(Work to be completed)
Write the data out again exactly and in full.

============================================================

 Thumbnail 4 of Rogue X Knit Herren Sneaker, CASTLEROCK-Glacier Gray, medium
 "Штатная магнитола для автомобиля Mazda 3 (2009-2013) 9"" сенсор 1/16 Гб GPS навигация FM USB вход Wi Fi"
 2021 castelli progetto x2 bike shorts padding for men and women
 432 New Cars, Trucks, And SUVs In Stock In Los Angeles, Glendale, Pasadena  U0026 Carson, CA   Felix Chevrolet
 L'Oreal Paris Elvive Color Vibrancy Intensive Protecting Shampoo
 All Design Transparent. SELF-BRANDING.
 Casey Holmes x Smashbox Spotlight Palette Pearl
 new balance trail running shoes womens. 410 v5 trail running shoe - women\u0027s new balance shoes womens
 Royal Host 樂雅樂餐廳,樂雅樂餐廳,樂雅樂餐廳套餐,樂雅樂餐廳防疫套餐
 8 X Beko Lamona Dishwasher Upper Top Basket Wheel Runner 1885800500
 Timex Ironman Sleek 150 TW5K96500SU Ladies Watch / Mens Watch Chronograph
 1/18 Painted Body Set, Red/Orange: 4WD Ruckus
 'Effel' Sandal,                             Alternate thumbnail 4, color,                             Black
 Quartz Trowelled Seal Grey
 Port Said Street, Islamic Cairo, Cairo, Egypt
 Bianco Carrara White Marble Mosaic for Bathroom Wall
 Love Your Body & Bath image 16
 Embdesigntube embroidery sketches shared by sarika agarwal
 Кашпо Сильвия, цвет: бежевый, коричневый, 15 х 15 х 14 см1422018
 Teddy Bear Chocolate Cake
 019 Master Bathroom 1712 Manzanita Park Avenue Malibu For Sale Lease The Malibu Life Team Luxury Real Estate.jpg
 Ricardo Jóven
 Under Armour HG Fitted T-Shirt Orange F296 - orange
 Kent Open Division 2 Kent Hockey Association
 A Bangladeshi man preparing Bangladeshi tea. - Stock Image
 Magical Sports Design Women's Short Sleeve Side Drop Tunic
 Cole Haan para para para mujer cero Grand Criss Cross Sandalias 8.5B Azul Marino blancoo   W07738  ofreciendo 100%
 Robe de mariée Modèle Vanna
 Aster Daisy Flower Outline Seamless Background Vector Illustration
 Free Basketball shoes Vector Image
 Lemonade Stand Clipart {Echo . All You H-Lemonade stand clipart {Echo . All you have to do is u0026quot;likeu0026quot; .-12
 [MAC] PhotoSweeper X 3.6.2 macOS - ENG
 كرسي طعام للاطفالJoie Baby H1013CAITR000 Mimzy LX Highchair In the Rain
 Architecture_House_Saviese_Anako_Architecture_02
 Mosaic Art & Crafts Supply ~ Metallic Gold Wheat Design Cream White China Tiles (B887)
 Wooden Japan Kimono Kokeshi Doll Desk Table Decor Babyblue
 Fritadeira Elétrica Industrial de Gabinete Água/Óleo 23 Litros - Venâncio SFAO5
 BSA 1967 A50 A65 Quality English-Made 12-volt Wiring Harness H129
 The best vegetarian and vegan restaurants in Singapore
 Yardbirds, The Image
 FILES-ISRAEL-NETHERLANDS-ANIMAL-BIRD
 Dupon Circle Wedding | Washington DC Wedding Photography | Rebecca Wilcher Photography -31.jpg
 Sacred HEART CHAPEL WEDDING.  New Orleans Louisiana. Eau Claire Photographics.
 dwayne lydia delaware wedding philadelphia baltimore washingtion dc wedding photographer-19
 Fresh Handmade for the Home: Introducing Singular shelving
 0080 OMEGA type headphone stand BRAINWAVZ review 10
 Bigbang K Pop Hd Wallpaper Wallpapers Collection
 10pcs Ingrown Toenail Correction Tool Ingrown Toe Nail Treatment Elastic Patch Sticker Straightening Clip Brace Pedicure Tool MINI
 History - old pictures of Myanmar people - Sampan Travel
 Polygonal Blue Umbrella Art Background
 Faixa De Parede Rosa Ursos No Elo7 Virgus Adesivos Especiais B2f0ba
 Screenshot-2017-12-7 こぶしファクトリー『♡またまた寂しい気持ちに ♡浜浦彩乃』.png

============================================================

(Finished task)
 Thumbnail 4 of Rogue X Knit Herren Sneaker, CASTLEROCK-Glacier Gray, medium
 "Штатная магнитола для автомобиля Mazda 3 (2009-2013) 9"" сенсор 1/16 Гб GPS навигация FM USB вход Wi Fi"
 2021 castelli progetto x2 bike shorts padding for men and women
 432 New Cars, Trucks, And SUVs In Stock In Los Angeles, Glendale, Pasadena  U0026 Carson, CA   Felix Chevrolet
 L'Oreal Paris Elvive Color Vibrancy Intensive Protecting Shampoo
 All Design Transparent. SELF-BRANDING.
 Casey Holmes x Smashbox Spotlight Palette Pearl
 new balance trail running shoes womens. 410 v5 trail running shoe - women\u0027s new balance shoes womens
 Royal Host 樂雅樂餐廳,樂雅樂餐廳,樂雅樂餐廳套餐,樂雅樂餐廳防疫套餐
 8 X Beko Lamona Dishwasher Upper Top Basket Wheel Runner 1885800500
 Timex Ironman Sleek 150 TW5K96500SU Ladies Watch / Mens Watch Chronograph
 1/18 Painted Body Set, Red/Orange: 4WD Ruckus
 'Effel' Sandal,                             Alternate thumbnail 4, color,                             Black
 Quartz Trowelled Seal Grey
 Port Said Street, Islamic Cairo, Cairo, Egypt
 Bianco Carrara White Marble Mosaic for Bathroom Wall
 Love Your Body & Bath image 16
 Embdesigntube embroidery sketches shared by sarika agarwal
 Кашпо Сильвия, цвет: бежевый, коричневый, 15 х 15 х 14 см1422018
 Teddy Bear Chocolate Cake
 019 Master Bathroom 1712 Manzanita Park Avenue Malibu For Sale Lease The Malibu Life Team Luxury Real Estate.jpg
 Ricardo Jóven
 Under Armour HG Fitted T-Shirt Orange F296 - orange
 Kent Open Division 2 Kent Hockey Association
 A Bangladeshi man preparing Bangladeshi tea. - Stock Image
 Magical Sports Design Women's Short Sleeve Side Drop Tunic
 Cole Haan para para para mujer cero Grand Criss Cross Sandalias 8.5B Azul Marino blancoo   W07738  ofreciendo 100%
 Robe de mariée Modèle Vanna
 Aster Daisy Flower Outline Seamless Background Vector Illustration
 Free Basketball shoes Vector Image
 Lemonade Stand Clipart {Echo . All You H-Lemonade stand clipart {Echo . All you have to do is u0026quot;likeu0026quot; .-12
 [MAC] PhotoSweeper X 3.6.2 macOS - ENG
 كرسي طعام للاطفالJoie Baby H1013CAITR000 Mimzy LX Highchair In the Rain
 Architecture_House_Saviese_Anako_Architecture_02
 Mosaic Art & Crafts Supply ~ Metallic Gold Wheat Design Cream White China Tiles (B887)
 Wooden Japan Kimono Kokeshi Doll Desk Table Decor Babyblue
 Fritadeira Elétrica Industrial de Gabinete Água/Óleo 23 Litros - Venâncio SFAO5
 BSA 1967 A50 A65 Quality English-Made 12-volt Wiring Harness H129
 The best vegetarian and vegan restaurants in Singapore
 Yardbirds, The Image
 FILES-ISRAEL-NETHERLANDS-ANIMAL-BIRD
 Dupon Circle Wedding | Washington DC Wedding Photography | Rebecca Wilcher Photography -31.jpg
 Sacred HEART CHAPEL WEDDING.  New Orleans Louisiana. Eau Claire Photographics.
 dwayne lydia delaware wedding philadelphia baltimore washingtion dc wedding photographer-19
 Fresh Handmade for the Home: Introducing Singular shelving
 0080 OMEGA type headphone stand BRAINWAVZ review 10
 Bigbang K Pop Hd Wallpaper Wallpapers Collection
 10pcs Ingrown Toenail Correction Tool Ingrown Toe Nail Treatment Elastic Patch Sticker Straightening Clip Brace Pedicure Tool MINI
 History - old pictures of Myanmar people - Sampan Travel
 Polygonal Blue Umbrella Art Background
 Faixa De Parede Rosa Ursos No Elo7 Virgus Adesivos Especiais B2f0ba
 Screenshot-2017-12-7 こぶしファクトリー『♡またまた寂しい気持ちに ♡浜浦彩乃』.png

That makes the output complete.